The US is 49th in the world in literacy.
NYT, Dec 12, 2004.
The US is 41st in the world for infant mortality, Cuba has a better infant mortality rate.
NYT, Jan 12, 2005.
The World Health Organization "ranked the countries of the world in terms of overall health performance, and the U.S. [was]...37th." In the fairness of health care,you are54th. "The irony is that the United States spends more per capita for health care than any other nation in the world" (The European Dream, pp.79-80). Pay more, get lots, lots less.
[*]"The U.S. and South Africa are the only two developed countries in the world that do not provide health care for all their citizens" (The European Dream, p.80).
[*]Lack of health insurance coverage causes 18,000 unnecessary American deaths a year. (That's six times the number of people killed on 9/11.) (NYT, Jan. 12, 2005.)
[*]Still think you have great health care?
[*]"U.S. childhood poverty now ranks 22nd, or second to last, among the developed nations. Only Mexico scores lower" (The European Dream, p.81). Been to Mexico lately? Does it look "developed" to you? Yet it's the only "developed" country to score lower in childhood poverty.
[*]Twelve million American families--more than 10 percent of all U.S. households--"continue to struggle, and not always successfully, to feed themselves." Families that "had members who actually went hungry at some point last year" numbered 3.9 million (NYT, Nov. 22, 2004).
[*]"Sixty-one of the 140 biggest companies on the Global Fortune 500 rankings are European, while only 50 are U.S. companies" (The European Dream, p.66). "In a recent survey of the world's 50 best companies, conducted by Global Finance, all but one were European" (The European Dream, p.69).

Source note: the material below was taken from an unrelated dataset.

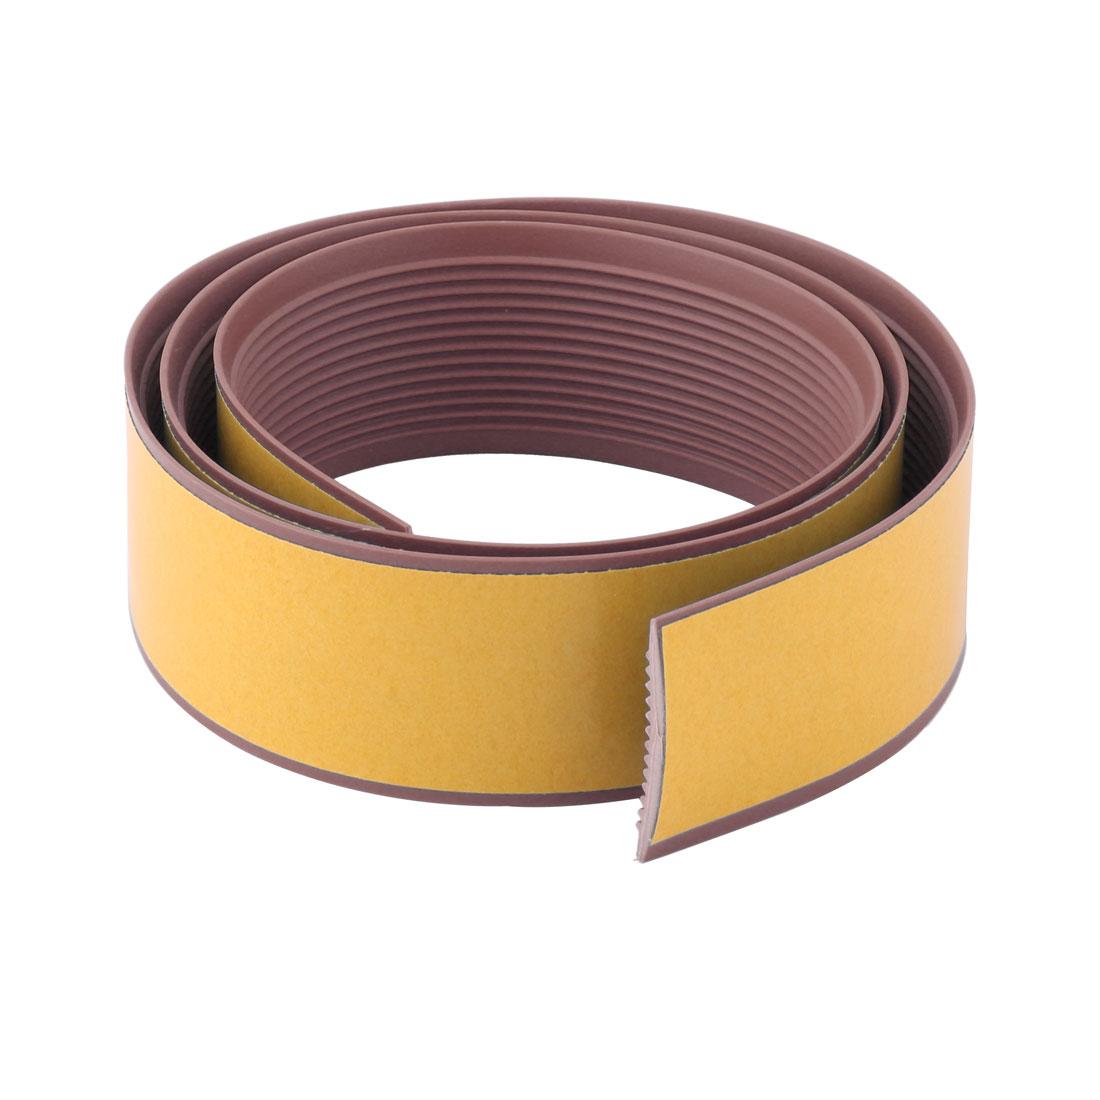 Indoor Stairs Step Floor PVC Stripe Design Anti Skid Tape Coffee Color 3.3 Ft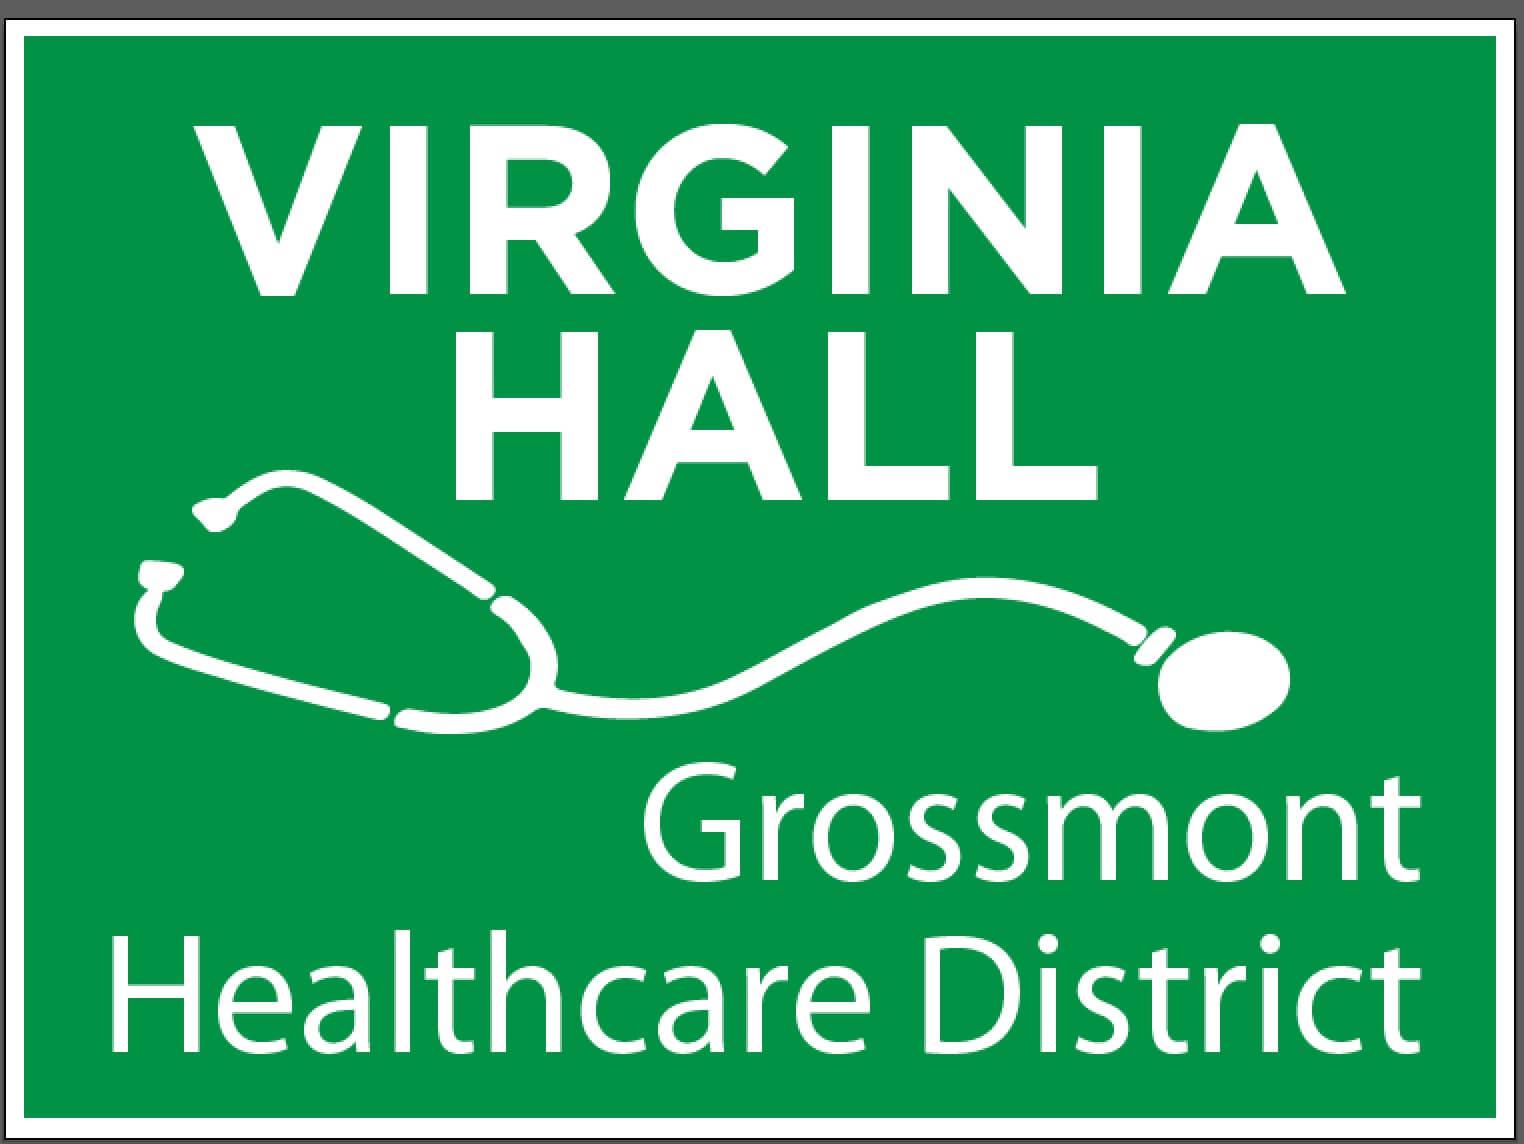 Virginia Hall for Grossmont Health Care

[*]"Fourteen of the 20 largest commercial banks in the world today are European.... In the chemical industry, the European company BASF is the world's leader, and three of the top six players are European. In engineering and construction, three of the top five companies are European.... The two others are Japanese. Not a single American engineering and construction company is included among the world's top nine competitors. In food and consumer products, Nestlé and Unilever, two European giants, rank first and second, respectively, in the world. In the food and drugstore retail trade, two European companies...are first and second, and European companies make up five of the top ten. Only four U.S. companies are on the list" (The European Dream, p.68).
[*]The United States has lost 1.3 million jobs to China in the last decade (CNN, Jan. 12, 2005).
[*]Three million six hundred thousand Americans ran out of unemployment insurance last year; 1.8 million--one in five--unemployed workers are jobless for more than six months (NYT, Jan. 9, 2005).
We need to punish the French, ignore the Germans and forgive the Russians - Condoleezza Rice.